Scientists in the United States were also horrified by the ‘improvement’ to the cluster bombs that had made the fragments invisible. The 11 September 1971 issue of the Dutch weekly news magazine De Groene Amsterdammer, which former editor Maarten van Dullemen has retrieved from his extensive archives, included the following report headed NOORD AMERIKA (‘NORTH AMERICA’):
‘For some time a “Science for Vietnam” movement has been active in the United States … Much of its research is focused on the most conspicuous consequences of the American war of destruction … treatment of injuries caused by cluster bombs. As we now know, one of the latest “improvements” to this weapon, which breaks up into dozens of tiny bullets that then follow almost undetectable paths in the body, is that the bullets are now made of plastic, and so can no longer be seen on X-ray screens. The members of “Science for Vietnam” are trying to develop injectable substances that cling to the plastic bullets so that they can be seen on X-ray screens, and to find out whether they can be made visible with the help of radar or sonar equipment.’

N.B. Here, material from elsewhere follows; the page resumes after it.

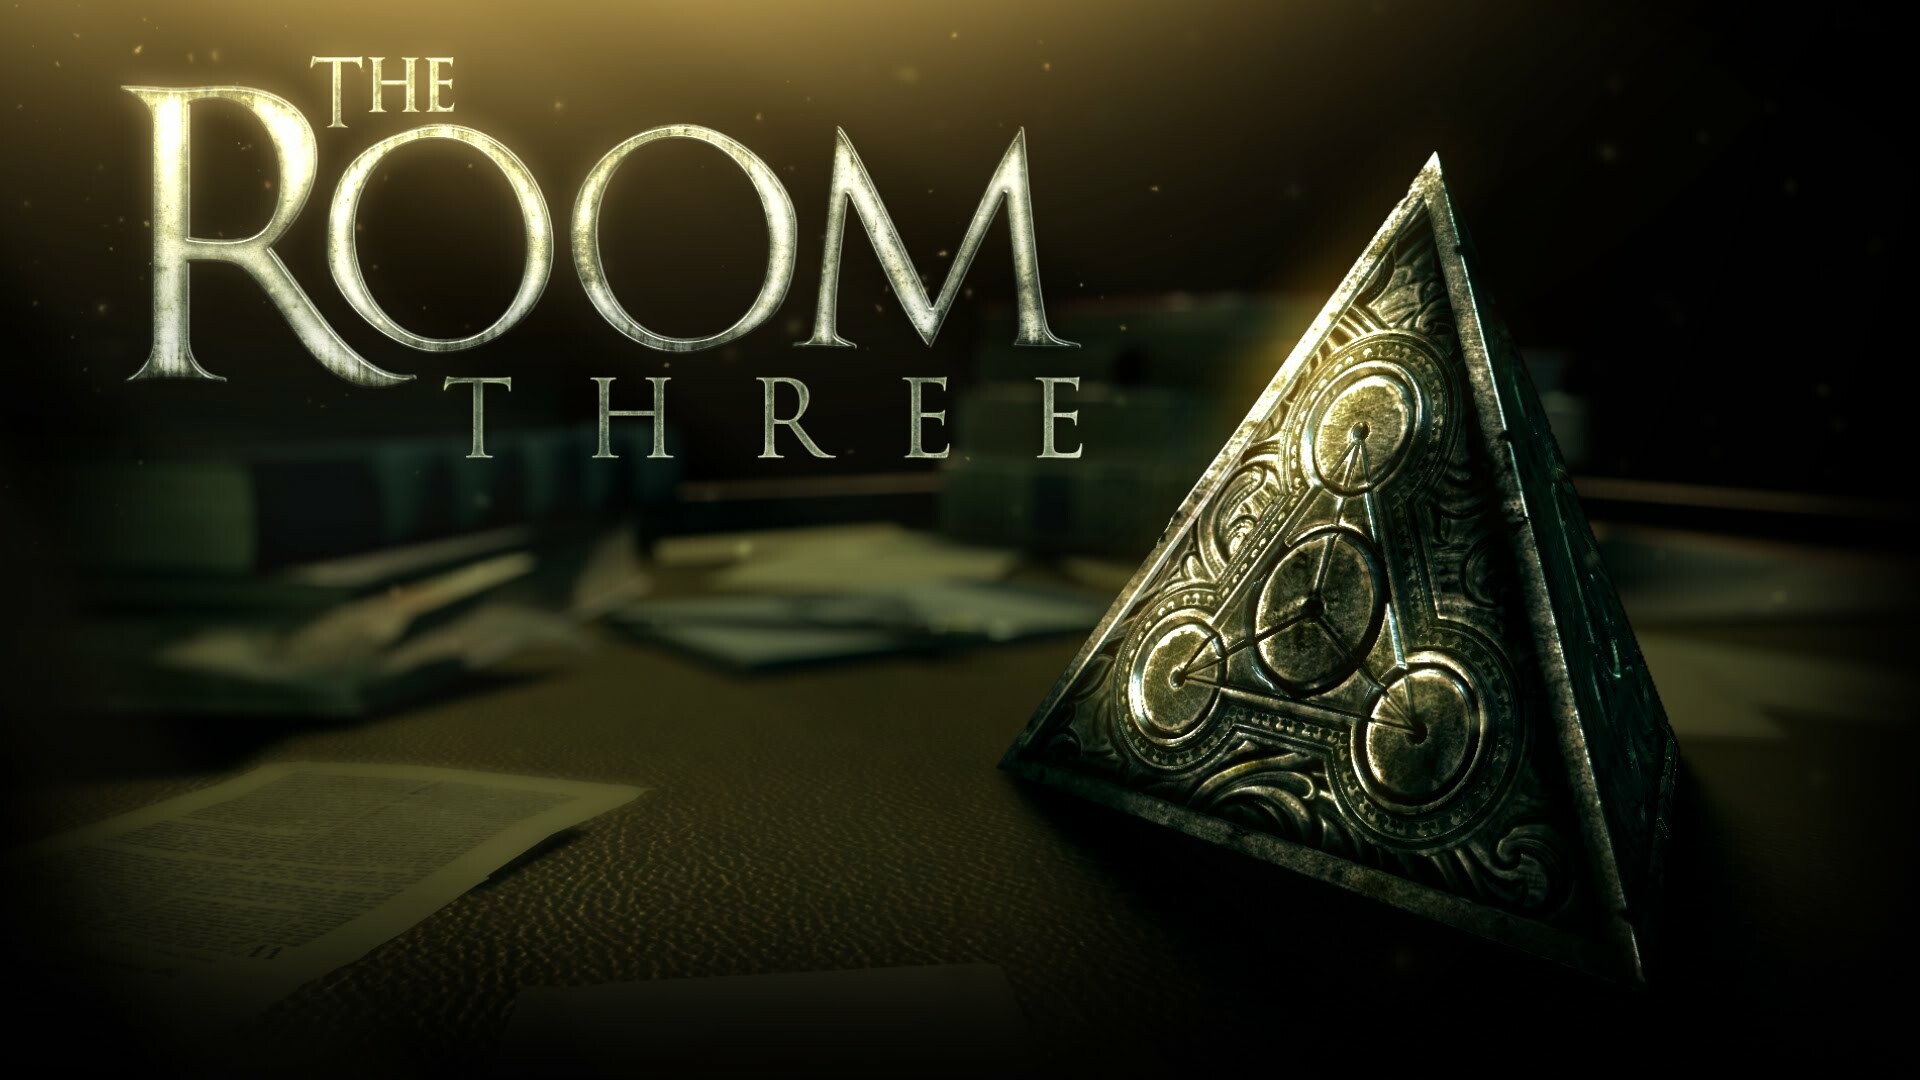 The Room: The game uses a variety of motions enabled by mobile device touchscreens to simulate actions in real life, such as looking around the device, turning keys, and activating switches. 1920x1080 Full HD Background.

In the years that followed, numerous action groups and organizations around the world worked long and hard to get the development, production and use of cluster bombs banned. In December 2008, representatives of a hundred countries gathered in Oslo to sign the Convention on Cluster Munitions. One of the signatories was Holland, and other countries have since joined. But they do not include the main developers, producers and users: China, India, Israel, Pakistan, Russia, Turkey and the United States.
What is now known as the ‘Military-Tech Complex’, in which the United States plays a key role, is still working manfully to develop new, ‘smart’ bombs – above all by trying to reduce the proportion of unexploded bombs to less than 1%, for instance with the help of built-in software. For there is a stubborn determination to keep on using cluster bombs; and even today it is hard for activists to discover what kind of weapons will be developed, and how they will be ‘improved’. For this they still depend on the commitment and ingenuity of intelligent young scientists who, just like the students that developed the portable X-ray machines, are using their knowledge to help civilians protect themselves against air raids.[1]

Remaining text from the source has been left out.